ElasticRun, a rural B2B online commerce company, has raised $330 million in funding led by SoftBank Vision Fund 2 and Goldman Sachs. Valued at $1.5 billion in the latest round, it has joined the growing list of unicorns in the country. The funding round also saw participation from Chimera and Innoven, as well as existing investor Prosus Ventures, the company said in a statement on Thursday.
The company’s existing investors include Prosus Ventures (formerly Naspers Ventures), Kalaari Capital and Avataar Ventures, which sold a small stake in this round.
ElasticRun enables rural kirana shops to access consumer and food brands through its e-commerce platform. It aggregates warehouses, transporters and micro entrepreneurs on its platform and offers the under-served stores network to brands, mostly FMCG. It covers 80,000 villages across 28 states, servicing close to 1 million kirana shops and has 300 brands on the platform.
Founded by Sandeep Deshmukh, Shitiz Bansal and Saurabh Nigam in 2016, ElasticRun acts as an extended arm of FMCG companies.
The company has a run rate of $1 billion in sales on its platform and has grown 10x in the last one year, Deshmukh, co-founder and CEO of ElasticRun, said. The growth began in May 2020 as the pandemic accelerated technology adoption and demonstrated power of the rural markets. “ElasticRun has become operationally profitable,” he added.
India has over 10 million kirana shops across rural India, of which the best of brands can reach only 2 million, Deshmukh said. The company is able get small retailers on its platform through an app and get a real-time view of their demand and service it from its delivery centres. This year, ElasticRun will reach 1 million stores and plans to go to 2 million in 18-24 months.
“FMCG contributes predominantly to our revenues — this will continue even as we explore expanding to adjacent categories.

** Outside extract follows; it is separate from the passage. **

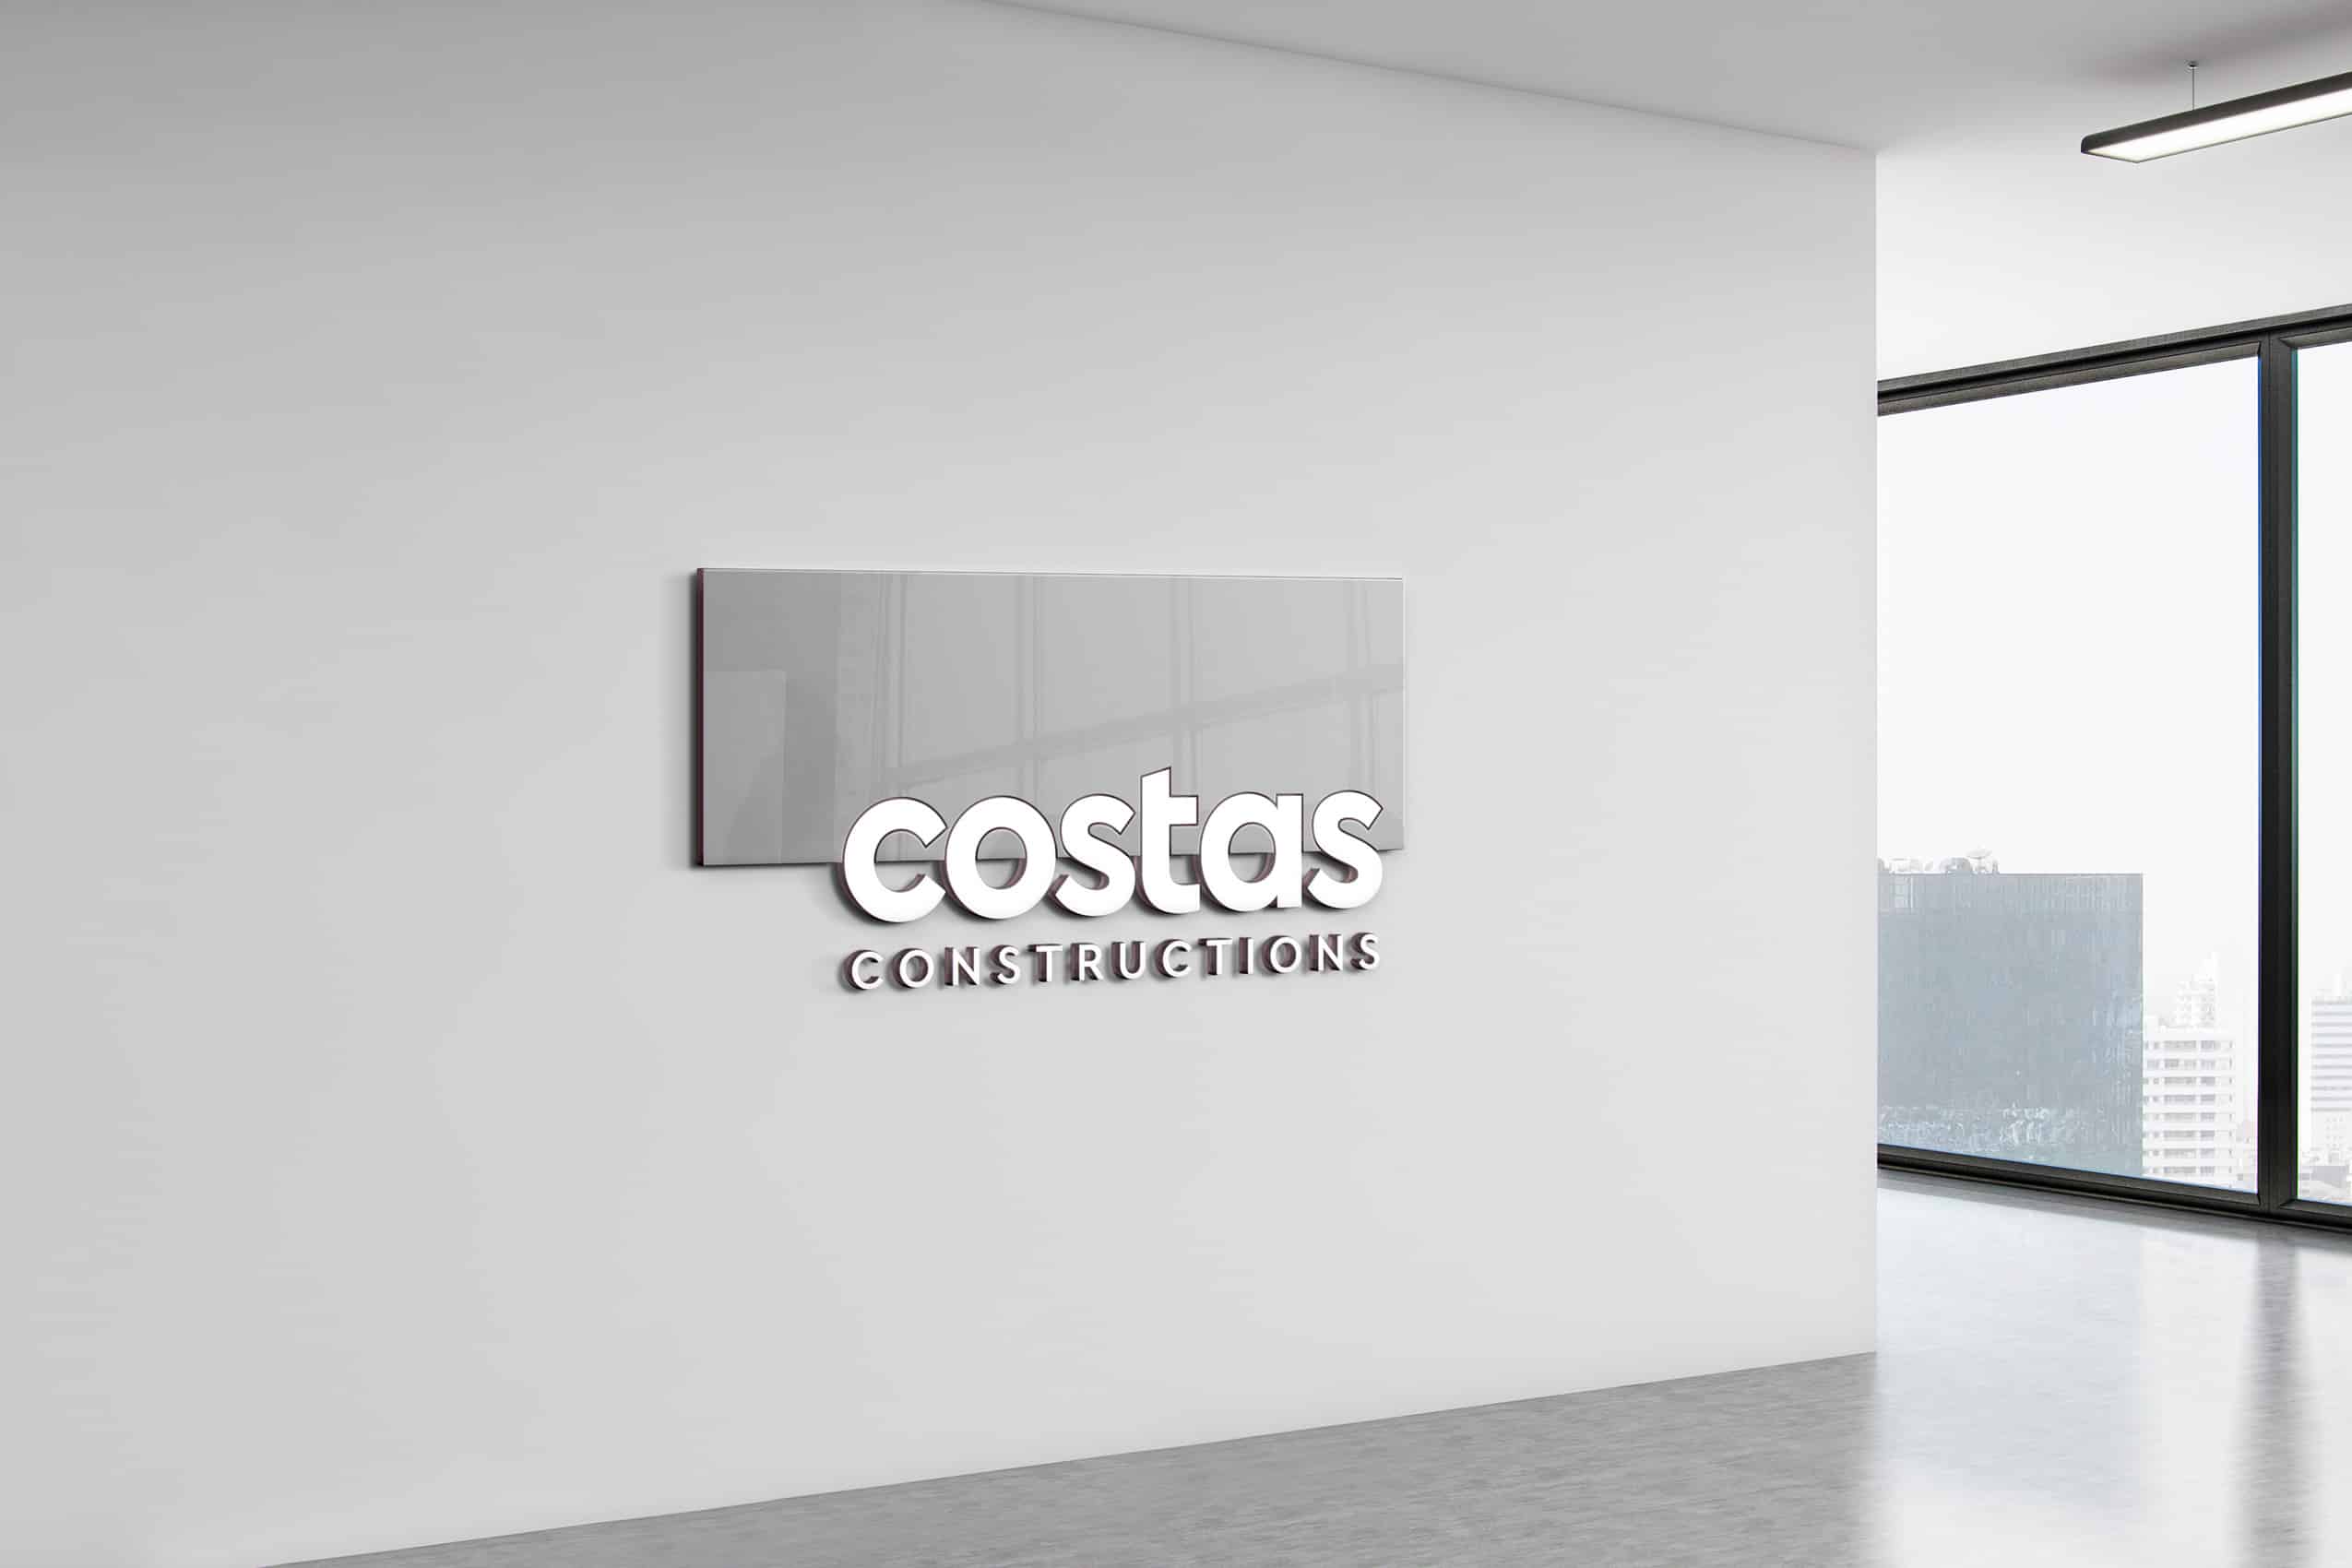 Costas Constructions - Branding and Website Design

Over time, we plan to fulfil 65% of the store volume share, of which 45-50% will come from FMCG and 15% from other categories,” Deshmukh said.
ElasticRun identifies taluka places and then penetrate up to 35 km from the taluka. The company does not own or invest in any asset but controls the entire transaction on its platform, Deshmuk said. They crowdsource warehousing, delivery vans and people, and aggregate it on their platform. “We have the most exhaustive retailer stores list. ElasticRun has created a network of micro distributors to service the retailers. “Companies have their own distribution network, we add to that, and extend their reach to an additional network of half a million stores,” Deshmukh said.

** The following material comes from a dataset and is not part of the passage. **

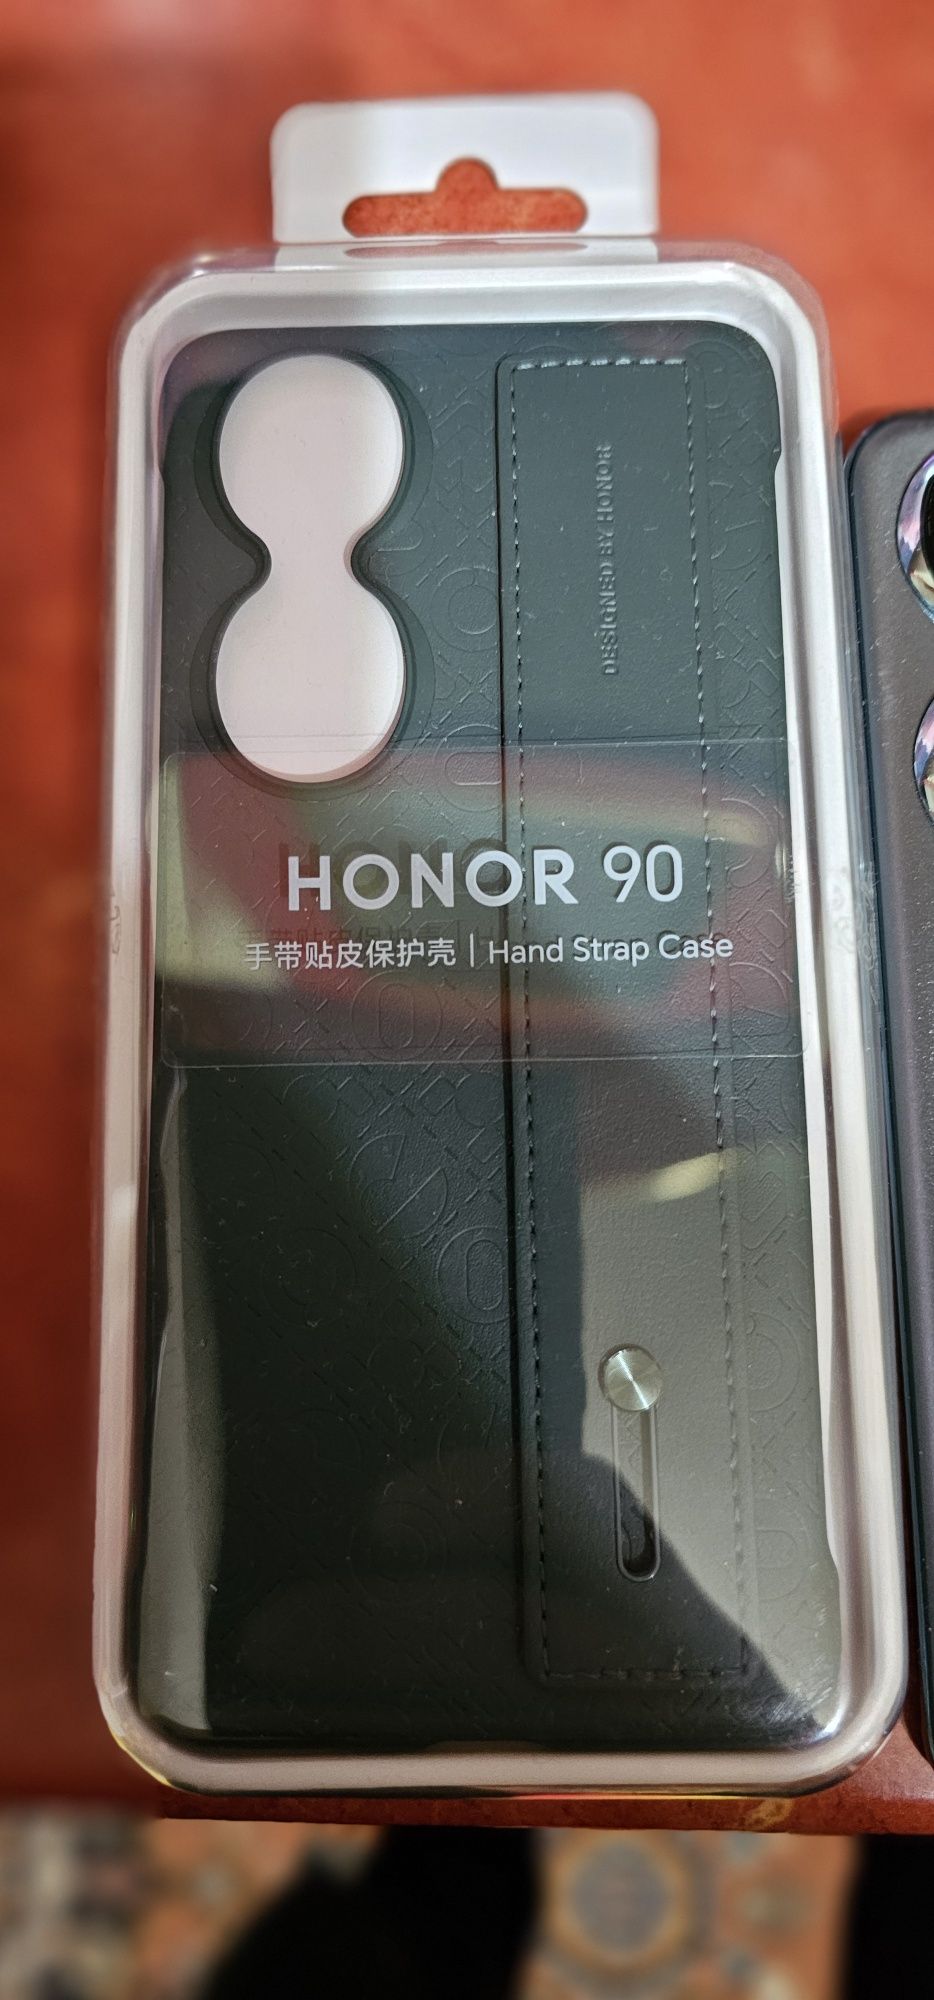 Honor 90 ful box

Ashutosh Sharma, head of investments, India, Prosus Ventures, said ElasticRun is enabling huge transformation in rural India’s supply-chain ecosystem.
Narendra Rathi, vice-president, SoftBank Investment Advisers, said with its deep reach in rural India and tech-led platform, ElasticRun is well-positioned to unlock the next wave of e-commerce. “Their focus on unit economics and value creation for kirana store partners and brands is impressive,” Rathi said.
ElasticRun has had five rounds of funding so far.